The 2020 “black box” warning resulted from research from Julia Marschallinger and Ludwig Aigner of Austria’s Institute of Molecular Regenerative Medicine. They told Reuters the new findings underscore the presence of montelukast in the brain, noting that affected receptors are integral to mood, impulse control, cognition, and sleep. While the exact mechanism and patient risk factors remain unclear, Marschallinger emphasized that the data supports patient reports of side effects. “It’s definitely doing something that’s concerning,” she said.
Reuters previously reported in 2023 that the FDA had received thousands of reports of patients, including many children, experiencing depression, suicidal thoughts and behaviors, or other psychiatric problems after they began using montelukast. Before that, by 2019, the FDA calculated 82 suicides linked to Singulair and its generic versions reported to its adverse-event database since 1998. Over ten years. Concerningly, at least 31 of those accounts involved individuals aged 19 or younger.
One such case was 22-year-old Nick England of Virginia, who died by suicide in 2017, less than two weeks after starting montelukast. His father, Robert England, recalls that Nick was healthy with no prior mental health concerns but experienced difficulty sleeping shortly before his death. “He was on that medication for just days, literally just days,” England said. “It completely changed the trajectory of our lives.”
Lawsuits have alleged that Merck was aware of montelukast’s potential to affect the brain early in its development but downplayed these risks in communications with regulators. Many of these cases remain unresolved. Like the others—insistent that their son had no history of mental health problems—following his death, England’s parents began exploring a lawsuit against Merck, along with the manufacturer of the generic version their son took. They were shocked to learn that they had no case. Emphasizing how Merck and others remain unaccountable, Reuters wrote:
“Like countless other potential plaintiffs, they had run into one of Corporate America’s most effective liability shields: the legal doctrine of preemption, the principle that federal law supersedes state law.

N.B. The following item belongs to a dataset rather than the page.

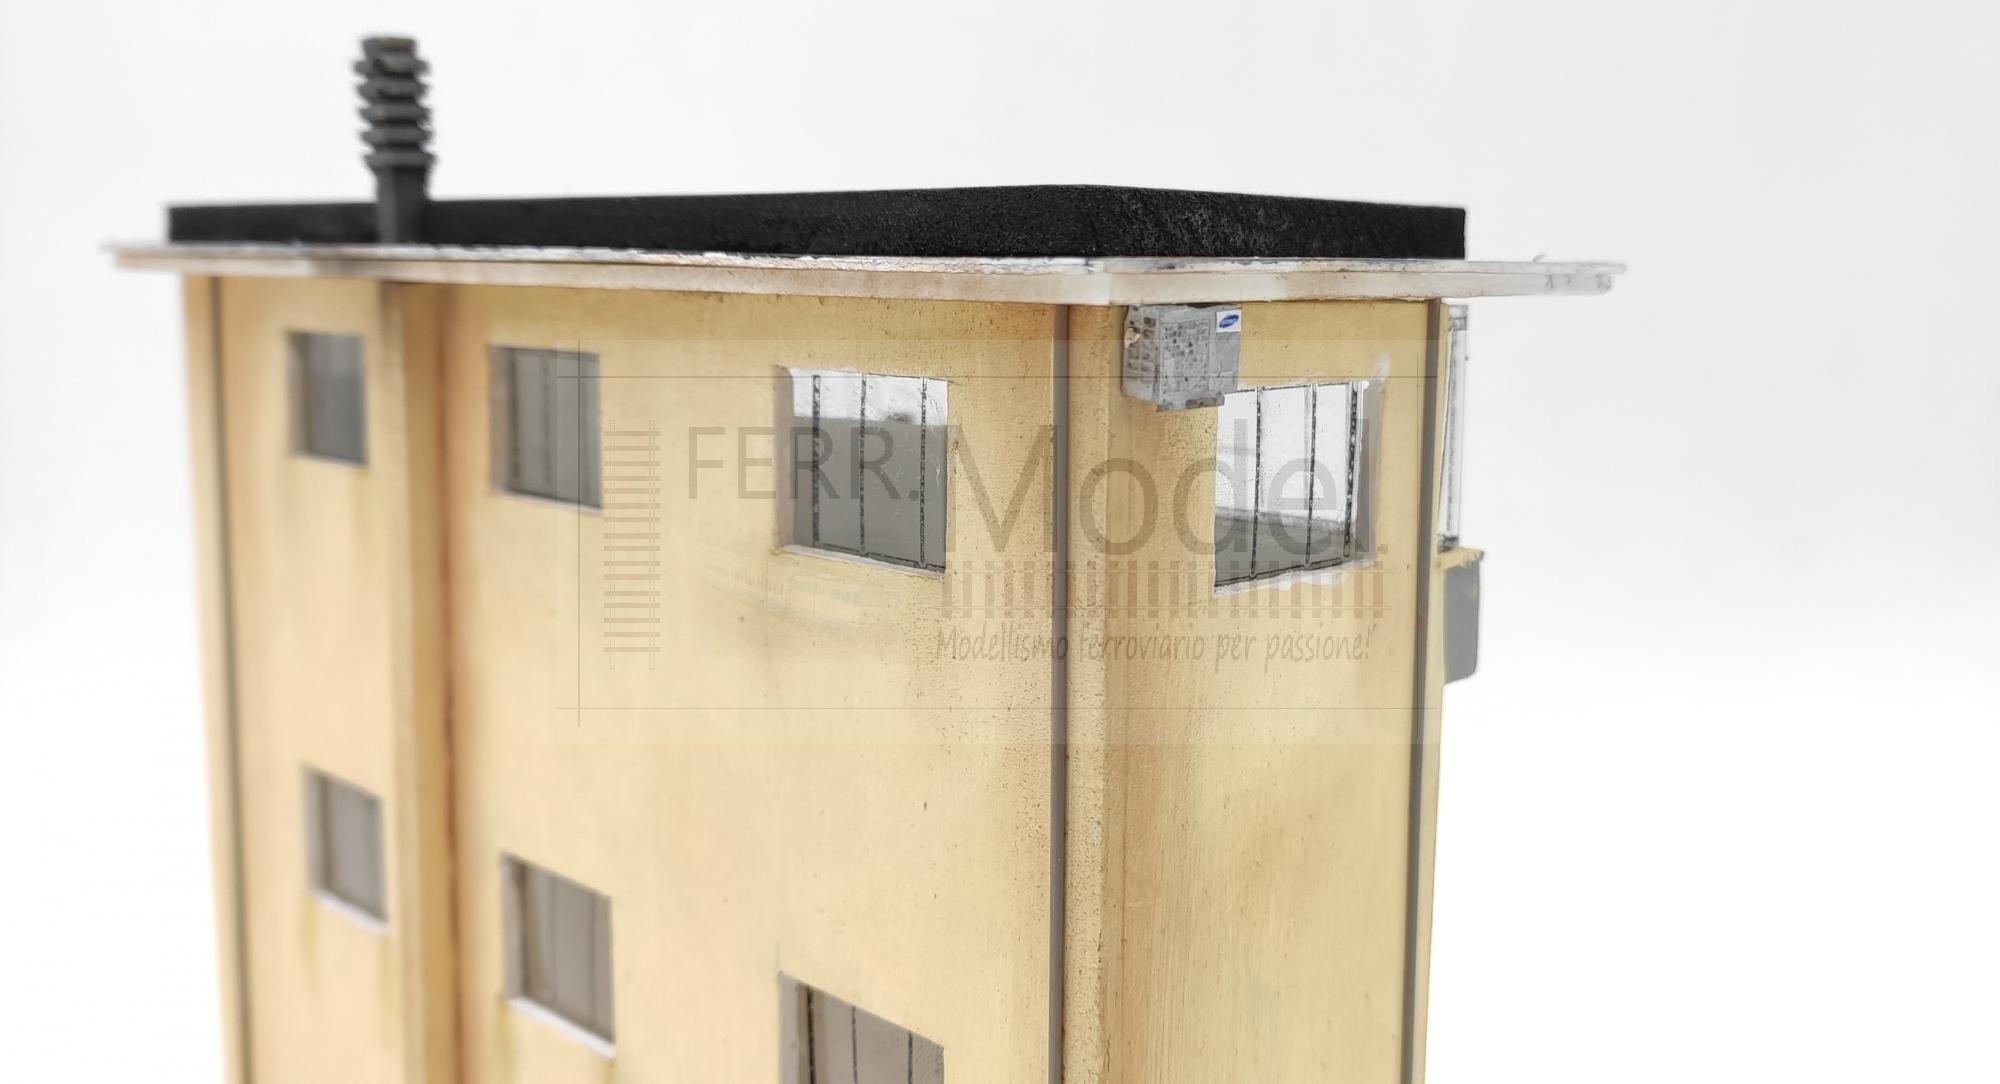 Cabina ACEI FS posto di blocco FERRMODEL 244 illuminato scala H0

Armed with U.S. Supreme Court rulings on preemption starting in the 1990s, companies increasingly argue that federally regulated products or services should be immune from lawsuits alleging state-law violations. In a new reading of an old constitutional principle, judges have held that federal law, including the decisions of U.S. regulatory agencies, should preempt, or override, state statutes that seek to hold companies accountable for harming consumers.
State laws historically have provided the legal basis for some of the most common lawsuits against U.S. companies alleging injuries, deaths, or illnesses caused by negligence or defective products.”